- Genre: Romantic comedy
- Created by: Tommy Johnagin
- Directed by: Paul Fox
- Starring: Varun Saranga Jean-Luc Bilodeau Devyn Nekoda Nadine Bhabha Brielle Robillard Michael Delleva Sarah Levy Jon Dore
- Country of origin: United States
- Original language: English
- No. of seasons: 1
- No. of episodes: 5

Production
- Executive producers: Jackie Filgo; Jeff Filgo; Tommy Johnagin; Joe Hardesty; Paul Fox; Leo Pearlman; Ben Winston; Jeff Grosvenor;
- Production companies: CBS Studios Fulwell 73

Original release
- Network: Roku Channel
- Release: November 17, 2023

= The Holiday Shift =

2023 television series on Roku Channel

The Holiday Shift is a 2023 American romantic comedy television series broadcast on The Roku Channel. Produced by CBS Studios and Fulwell 73, the series premiered on November 17, 2023.

== Premise ==
The Holiday Shift is a comedy series set in a mall during the holiday season. It follows the intersecting love stories of several employees dealing with holiday shoppers, personal relationships, and workplace challenges.

== Cast and characters ==
=== Main ===
- Varun Saranga as Sam
- Jean-Luc Bilodeau as Ronnie
- Devyn Nekoda as Tess
- Nadine Bhabha as Marissa
- Brielle Robillard as Summer
- Michael Delleva as Deonte
- Sarah Levy as Susan
- Jon Dore as Brian
- Adam Fox as Austin

== Production ==
The series was created by Tommy Johnagin. Paul Fox directed all episodes, with Johnagin serving as the sole writer.

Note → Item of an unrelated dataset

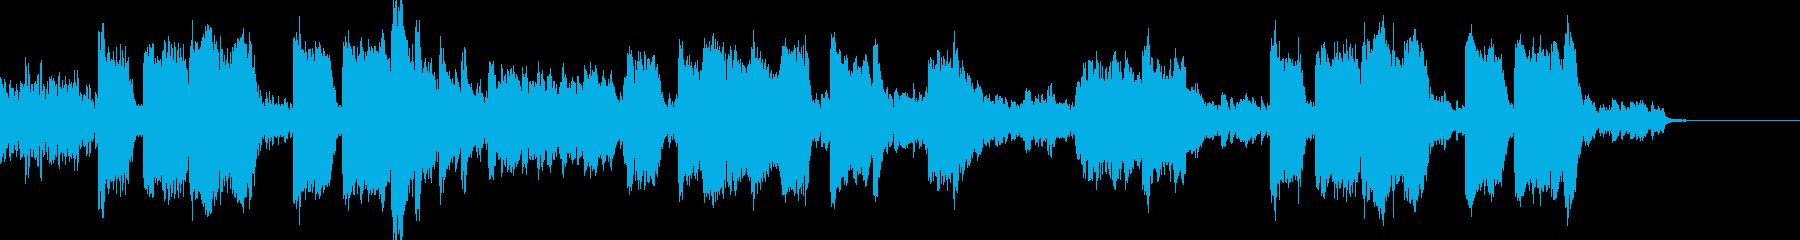 この映画のオーケストラ作品では、ピ...の再生済みの波形

Filming took place entirely at the Portage Place Mall in downtown Winnipeg, Manitoba, Canada.

== Episodes ==

| No. | Title | Directed by | Written by | Original release date |
| 1 | "The One" | Paul Fox | Tommy Johnagin | November 17, 2023 |
It's Black Friday at Love Town Center Mall, and Sam sees his secret crush, Tess, is back in town. The group debates Sam's next steps, while a Mystery Giver fills the mall's toy bins with gifts.
| 2 | "Love at First Sight" | Paul Fox | Tommy Johnagin | November 17, 2023 |
Tess feels jealous on a double date, Deonte experiences love at first sight, and the Mystery Giver strikes again. Marissa and Ronnie find common ground, while Brian conceals his troubles.
| 3 | "The Lean In" | Paul Fox | Tommy Johnagin | November 17, 2023 |
Tess is torn between Sam and Trevor, seeking advice from Henry. Summer avoids her past, while Deonte obsesses over his crush. Ronnie and Marissa's friendship evolves, and the Mystery Giver brings cheer.
| 4 | "Long Distance" | Paul Fox | Tommy Johnagin | November 17, 2023 |
Trevor asks Sam for ring advice, leading to complications with Tess. Ronnie realizes his feelings for Marissa, Deonte fears losing his love, and Summer reconciles with her sister. The Mystery Giver's identity is revealed.
| 5 | "The Finale" | Paul Fox | Tommy Johnagin | November 17, 2023 |
Tess rethinks her relationship with Trevor, realizing Sam's move to New York. Ronnie expresses his feelings to Marissa through an epic gesture, and the friends celebrate Christmas Eve eve. The true Mystery Giver is unveiled.